If a bear does attack you have different options depending on the type of attack and bear.
- Always carry bear spray (pepper spray for bears). It doesn’t always work but something is better than nothing. There is mounting evidence that sprays may actually be more effective than guns.
- Gun. This one is debatable. Gun advocates swear by guns when it comes to bears. (I'd feel safer with a gun in the woods). However, there is a lot of scientific evidence that points away from this choice. It's a personal choice, but be informed.
- Do not run! You don’t want to trigger a bear’s prey drive. Besides, they can run much faster than you.
- If it's a grizzly do your absolute best to remain calm. Speak to it in a soft voice and slowly back away. Do not turn your back on it. Back away facing the bear.

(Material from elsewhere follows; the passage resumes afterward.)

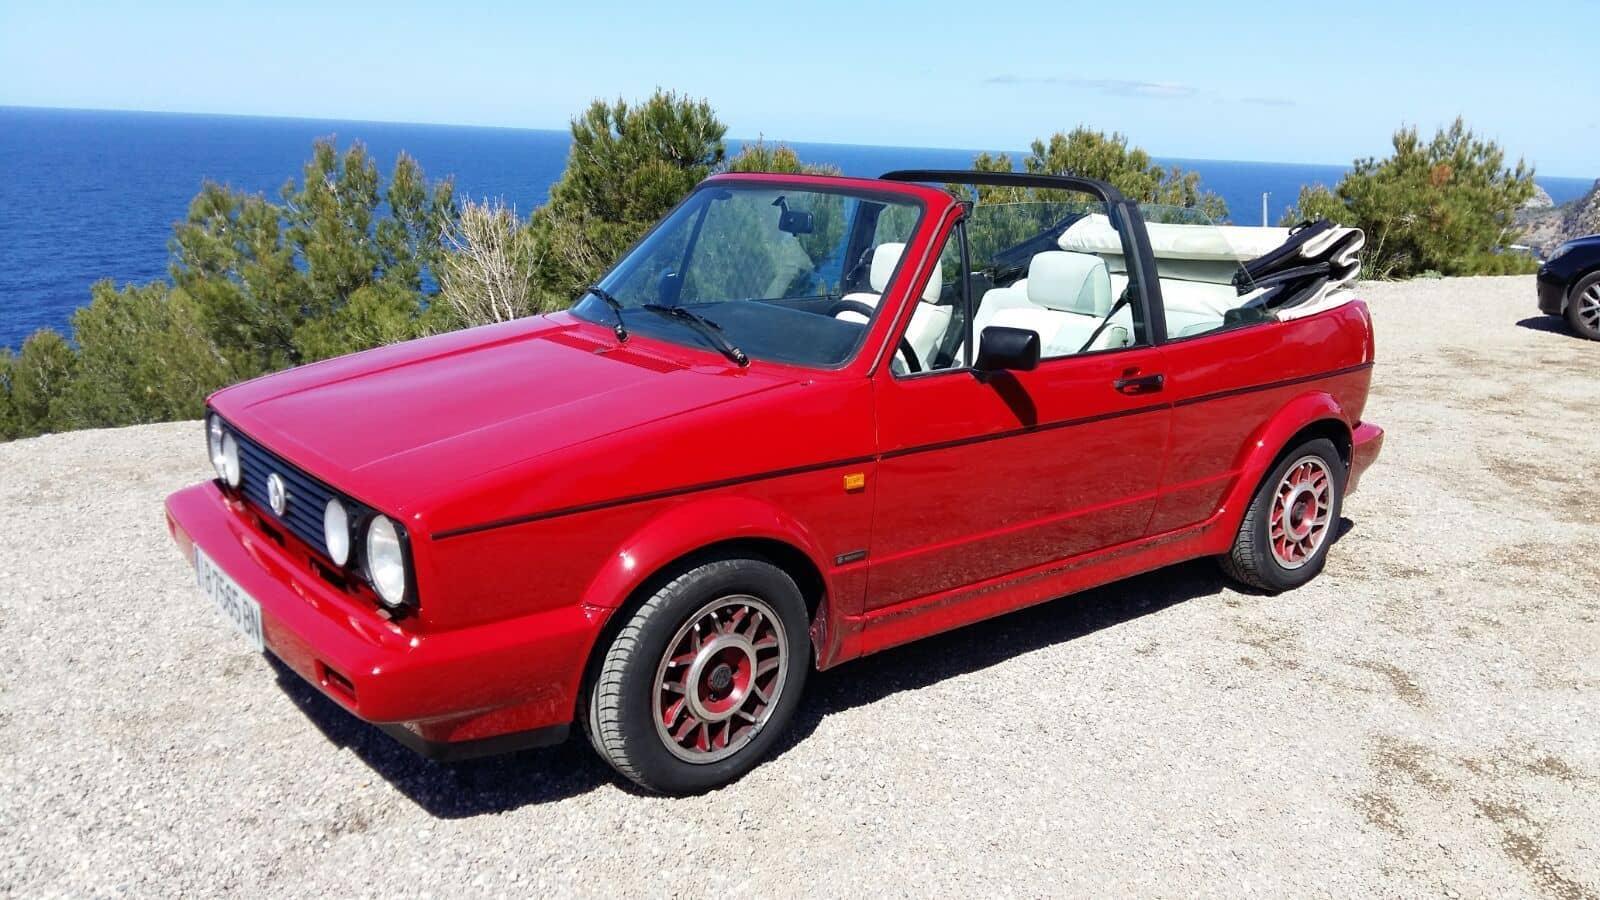 VW Golf MK1 Red
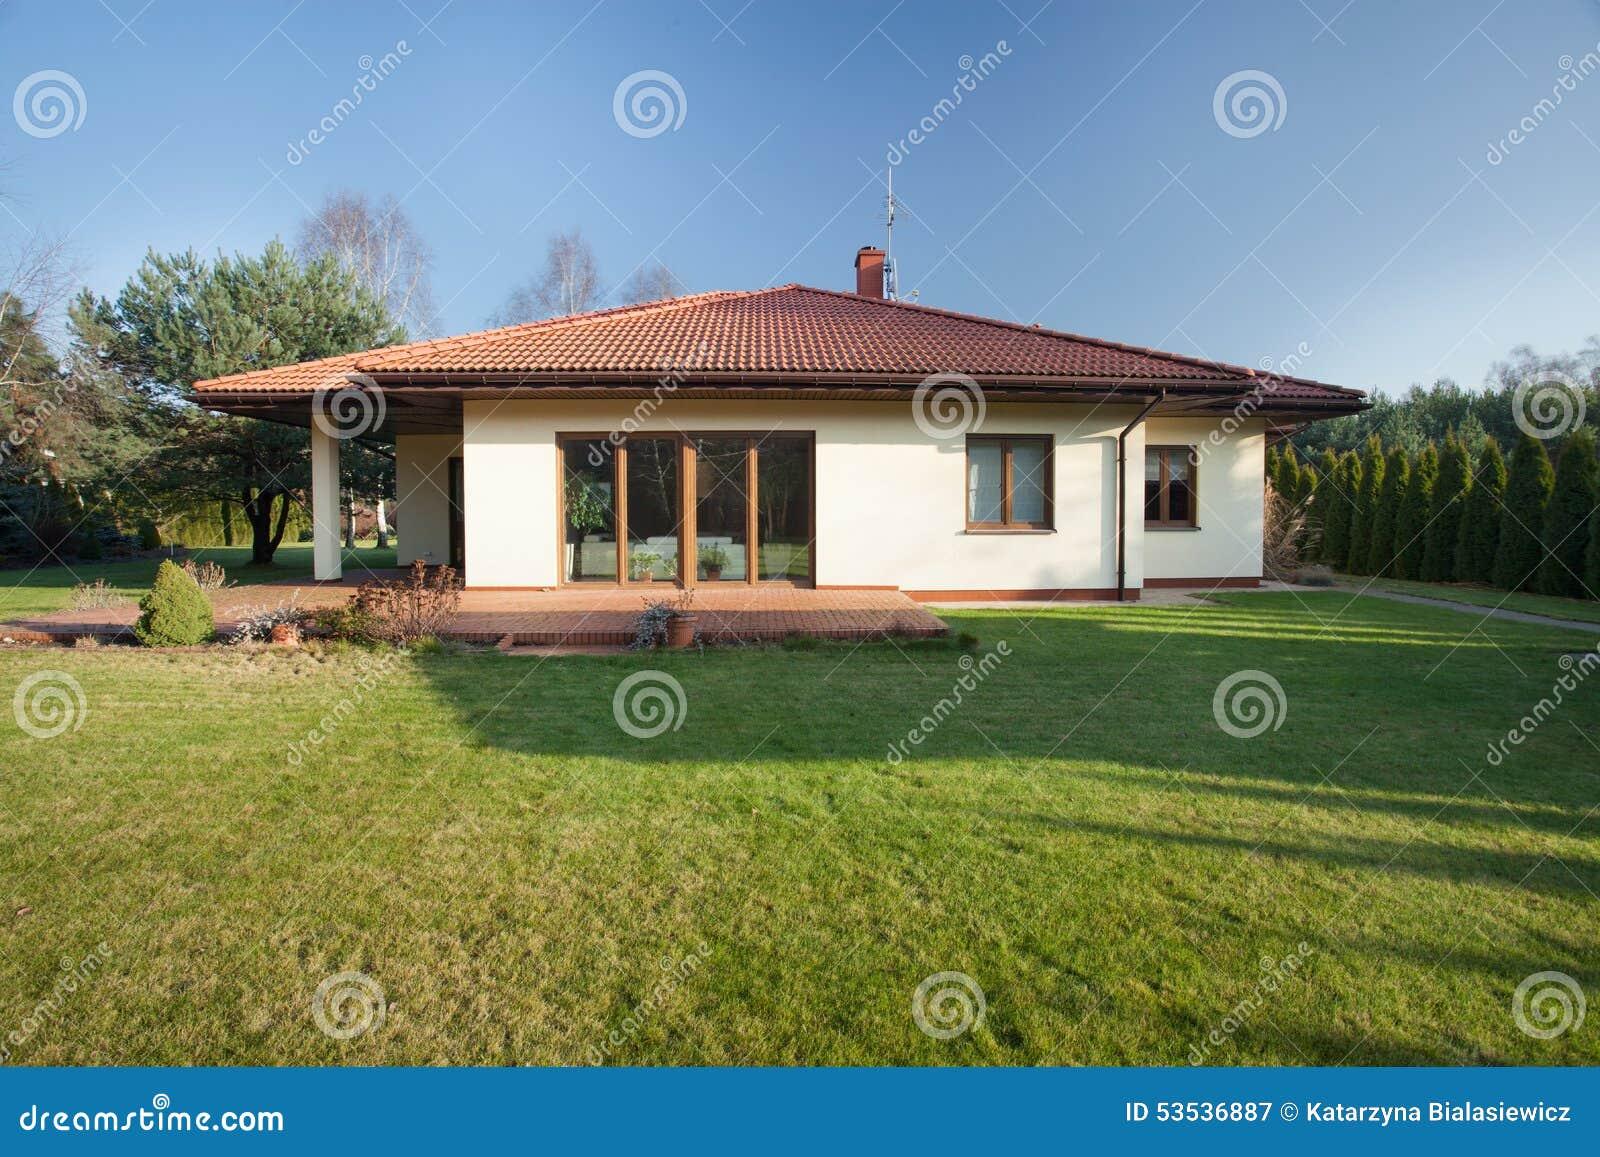 Beautiful bungalow with garden stock image image of for Fachadas de casas modernas de una planta

- If it’s a black bear don’t bother climbing a tree either. Black bears are excellent climbers.
- Play dead – drop into a curled up position preferably with your face to the ground and cover your neck with your hands. This works best with grizzlies.
- Play dead for a while. Some bears have been known to wait around for a bit to see if their perceived threat is getting back up.
- If it’s a black bear DO NOT play dead. Fight back like your life depends on it! Use whatever you can and aim for the snout or eyes.
- Be like Todd and pray that you survive with minimal injuries. Having a strong will to survive is crucial here. If attacked, do you what you can to muster the spirit to get yourself some help.
A bear encounter is probably one of the most amazing experiences anyone can have.
It is also the one time it’s ok to shit your pants. Really. No one can get mad at you for that so have at it. You can always shower off afterward.
We want to hear from you guys. Have you ever had a bear encounter? If so, how was it for you?
Disclaimer: This is not meant to be a definitive guide to bears or bear attacks. We did the research and feel that this article provides some common sense advise when it comes to bear attacks. Also, bears are awesome and so is Todd Orr.